Certainly, much of it has to do with a reluctance to contribute any personal funds in the name of the public good. The character-destroying, communist implications of minimal support for society's less fortunate are self-evident, and need not be addressed here, except to note that public subsidies of corporate interests—by denying government the power to negotiate drug prices with Big Pharma, to cite a recent example—arouse no such ire.

So what, then? Why the mad rush to create private (sorry, "personal") accounts?

Fortunately for us, a reporter from London's Guardian directed that very question to two ardent advocates of taking the security out of Social Security.

"Bush has a real opportunity of creating a generation of Republican voters by creating a culture of owner-capitalists," said Stephen Moore, president of the Club for Growth, a free-market pressure group and prominent Bush ally. "There will be an increase from 50% to 90% of American [adults] holding stock. That's a huge increase in the proportion of shareholders who realize what's good for America is good for them."

That last part sounds familiar, doesn't it? Who ... wait ... Oh, okay—It was Charles E. Wilson, president of General Motors, who said, in 1955, "What's good for the country is good for General Motors, and vice versa."

The "vice versa" is freighted with unpleasant implications, as what it really means is, "Stay off our backs, let us exploit America's workers and resources as we wish, and everything will be swell, because your corporate fathers know best."

Once again, it seems that America's conservatives long to drag the nation back to the halcyon days of the 1950s, when blacks knew their place, women baked their cookies, birth control was largely illegal and Big Business could rape and pillage at will.
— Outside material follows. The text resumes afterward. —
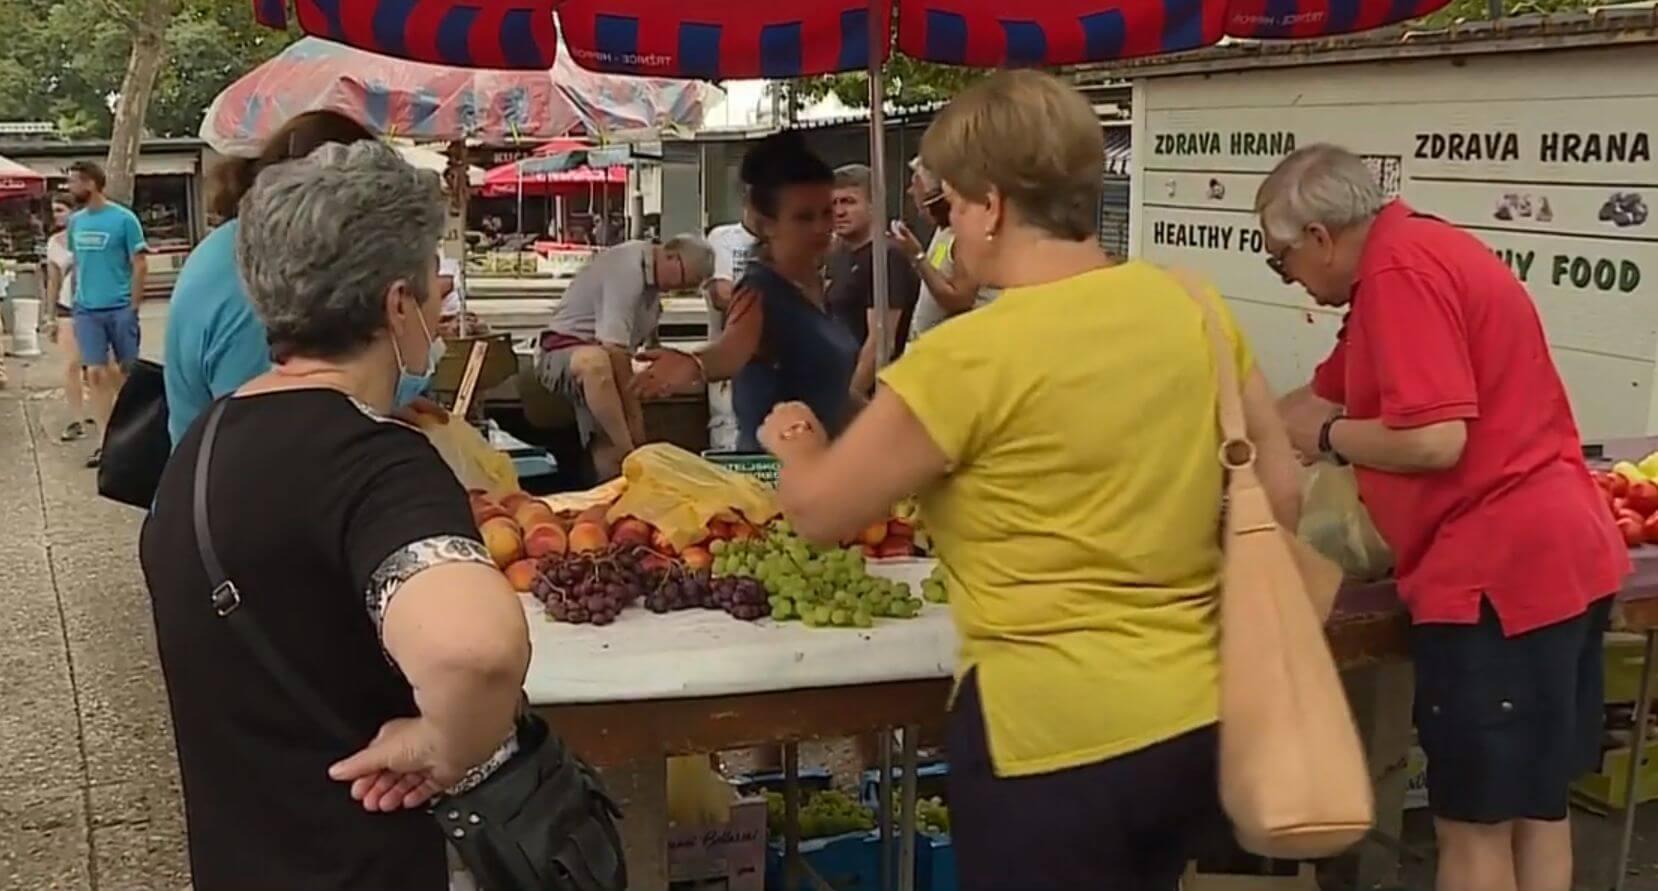 """Umirovljenici o ljetnoj prehrani: """"Jedemo sve najjeftinije, meso si malo možemo dozvoliti"""""""

The article continues with Grover Norquist, president of Americans for Tax Reform and a leading Republican strategist, expressing the conservative dream even more succinctly:

"If 100% of Americans at age 18 knew they were going to retire with a savings account, it would change their attitude to regulating companies, it would change attitudes towards envy, and how they feel about rich people," he told the Guardian.

"The entire secular growth in the Republican vote can be explained by the growth of stock ownership. It changes what you read, what you watch, and what you think."

Huh. Turns out that restructuring Social Security has nothing to do with long-term solvency and everything to do with strengthening the Republican Party—by creating a new generation of Americans who finally, finally understand that anything Big Business does in pursuit of fatter profits should be okay with you. Because, now, you're an owner-capitalist! You won't read The Nation anymore, you'll read Forbes! You won't watch PBS, you'll watch CNBC! You won't think about the problems of poverty, or AIDS, or pre-emptive war—you'll think about the profit potential in poverty, AIDS and pre-emptive war! Congratulations, capitalist colleague! Now please get out of the way as we reverse a century's worth of progress in workers' rights (so long, child labor laws!), environmental protection (hello, Clear Skies Act!) and corporate regulation (welcome back, Enron!).

Now that you're one of the pod people, we know you won't mind.